Pixmaps that are not in shared memory might be stored in VRAM, which allows for fast
copies to the screen, but reading from these images is very slow, as described in the
section
Accelerated-Image Reading Performance Improvements
. Since Shared Memory Extension is now accessible in the local display environment,
images that experience frequent reads can be stored in Shared Memory Pixmaps, which always
reside in system memory. Java 2D can detect if an image is read from more frequently or copied
from more frequently and can transfer the image to the appropriate memory. You can control which
memory is used by setting the J2D_PIXMAPS
environment variable described in section
Environment Flag for Solaris and Linux
.
Swing API Benefits
When using Swing in the SDK 1.4, you should notice better performance in many cases because
Swing uses many of the Java 2D operations that were targeted for performance improvements for
version 1.4. Because the rendering of Swing hierarchies relies heavily on common operations
like setColor and Graphics.create,
the invalidation and re-creation of rendering data caused poor repaint performance for many Swing
applications. For this reason, Swing is a primary beneficiary of the reduced overhead resulting
from the graphics pipeline improvements. Now that image data, such as color, is stored in a
central, shared location, the many calls to setColor
that Swing performs do not invalidate the pipeline, and thus do not result in worse performance
for Swing applications. The process of creating and disposing of Graphics
objects is also faster as a result of the general pipeline improvements. Since each subcomponent
of a JComponent draws itself with a new
Graphics object, a particular Swing application could create and
dispose of many Graphics objects.

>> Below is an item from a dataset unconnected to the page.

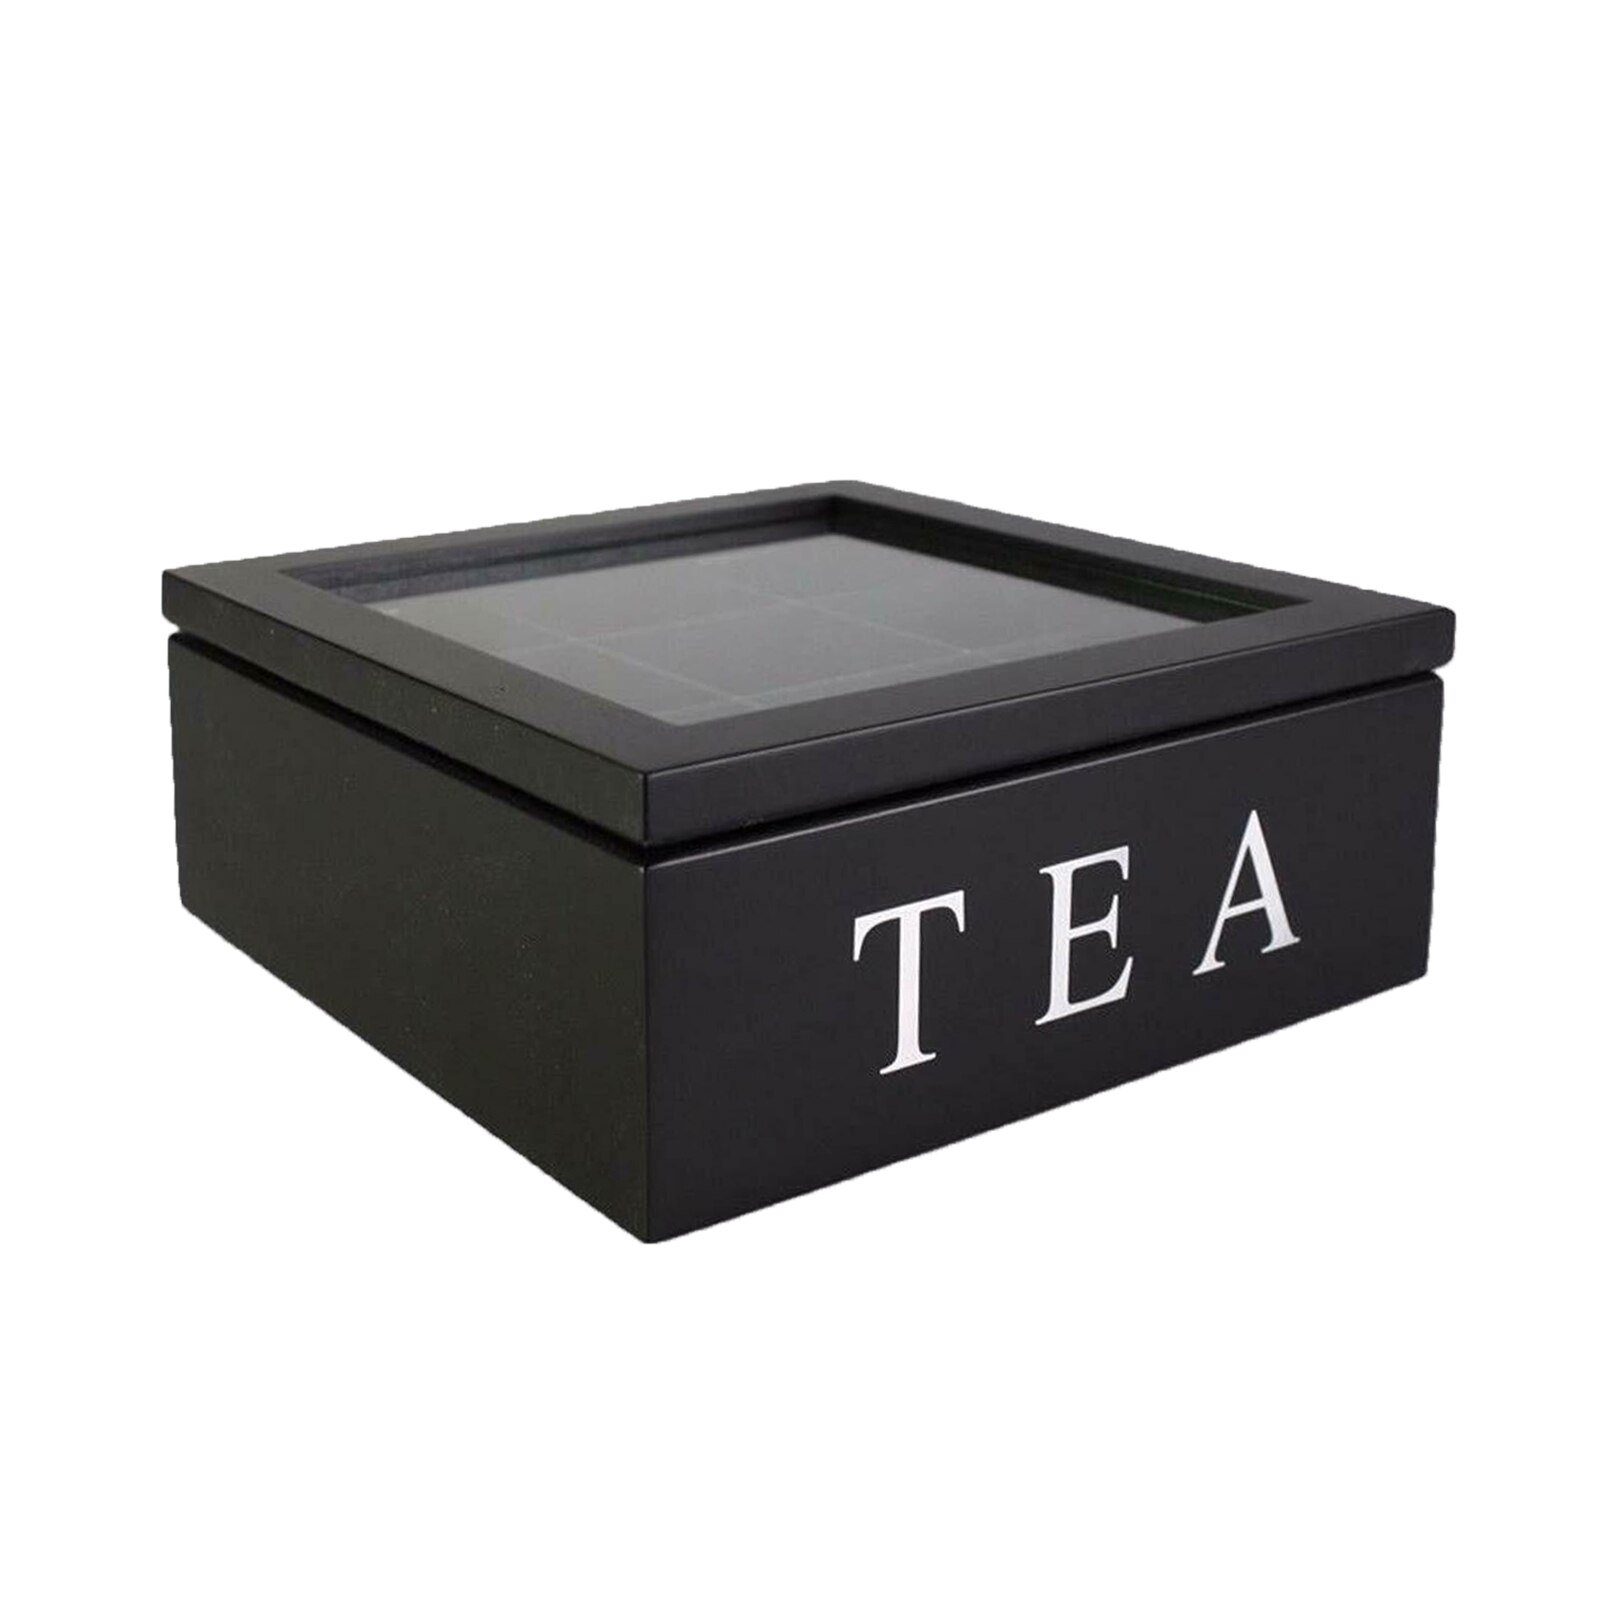 Wooden Tea Box With Lid 9-Compartment Retro Style Coffee Tea Bag Storage Holder Organizer For Kitchen Cabinets home Kitchen: B
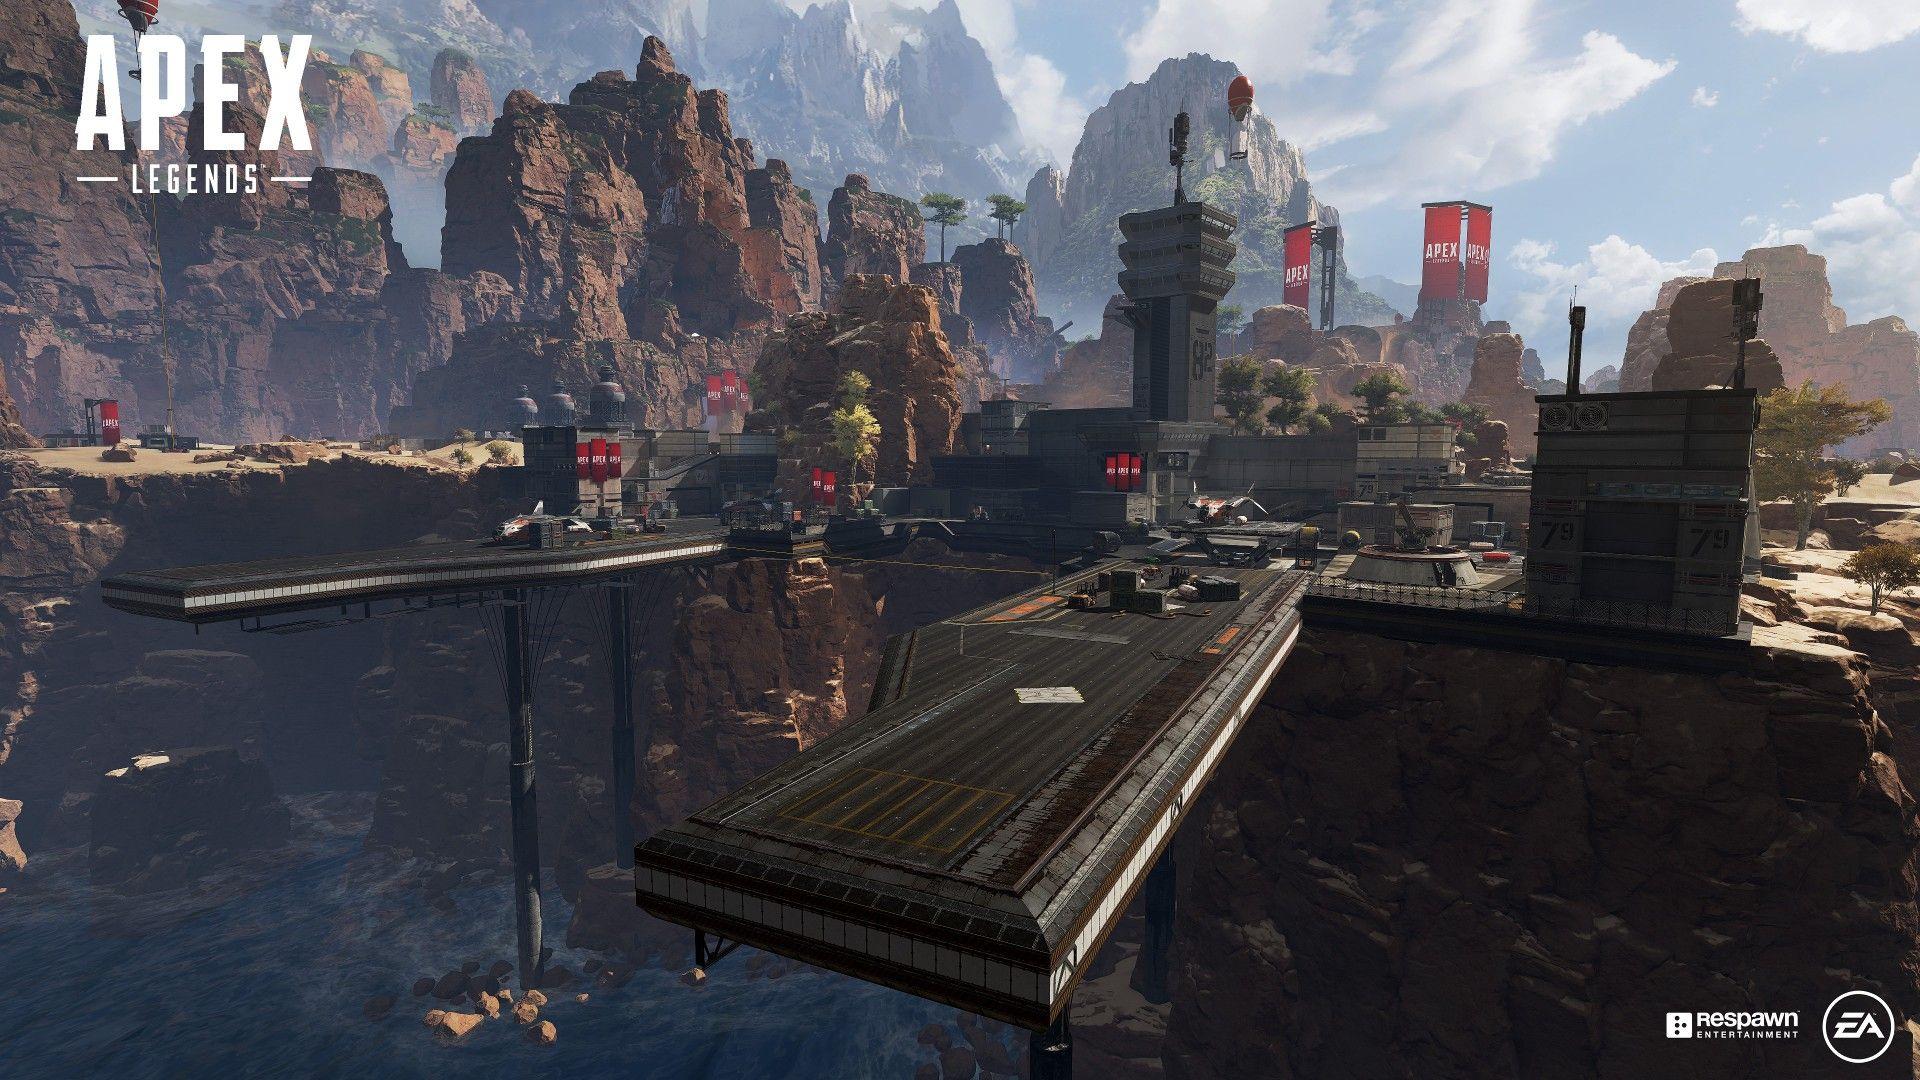 Apex Legends hits another huge player milestone

The create and dispose operations
now are much faster and produce less memory overhead.
Some Swing components allow you to scroll over a piece of data, such as an image or text.
Often the scrolling destination overlaps the source, and in this case a copy is performed. Prior
to version 1.4, the information would be copied to an intermediate buffer and then copied to the
screen. These copies now occur in place, thereby avoiding the extra memory allocation and garbage
collection associated with an intermediate buffer.
The new access to hardware acceleration for offscreen images has also dramatically improved
Swing performance. Since Swing uses double buffering by default, Swing applications will generally
perform better because of offscreen image acceleration. Swing performance on remote X is also
improved because the backbuffer that Swing uses for double buffering is stored on the server side,
thereby avoiding a network copy of the backbuffer every time the screen is repainted. For more
information on the remote X improvements see the
Remote X Server Performance Improvements
section. See the next section for more information on hardware acceleration for offscreen
images.
Hardware Acceleration for Offscreen Images
Java 2D provides access to hardware acceleration for offscreen images, resulting in better
performance of rendering to and copying from these images. On win32 hardware acceleration is
achieved through DirectDraw, an API designed for giving applications direct access to video
hardware memory and acceleration. On Linux and Solaris, offscreen images might be stored in
a pixmap, which is an area of memory that is stored on the X server side of the network.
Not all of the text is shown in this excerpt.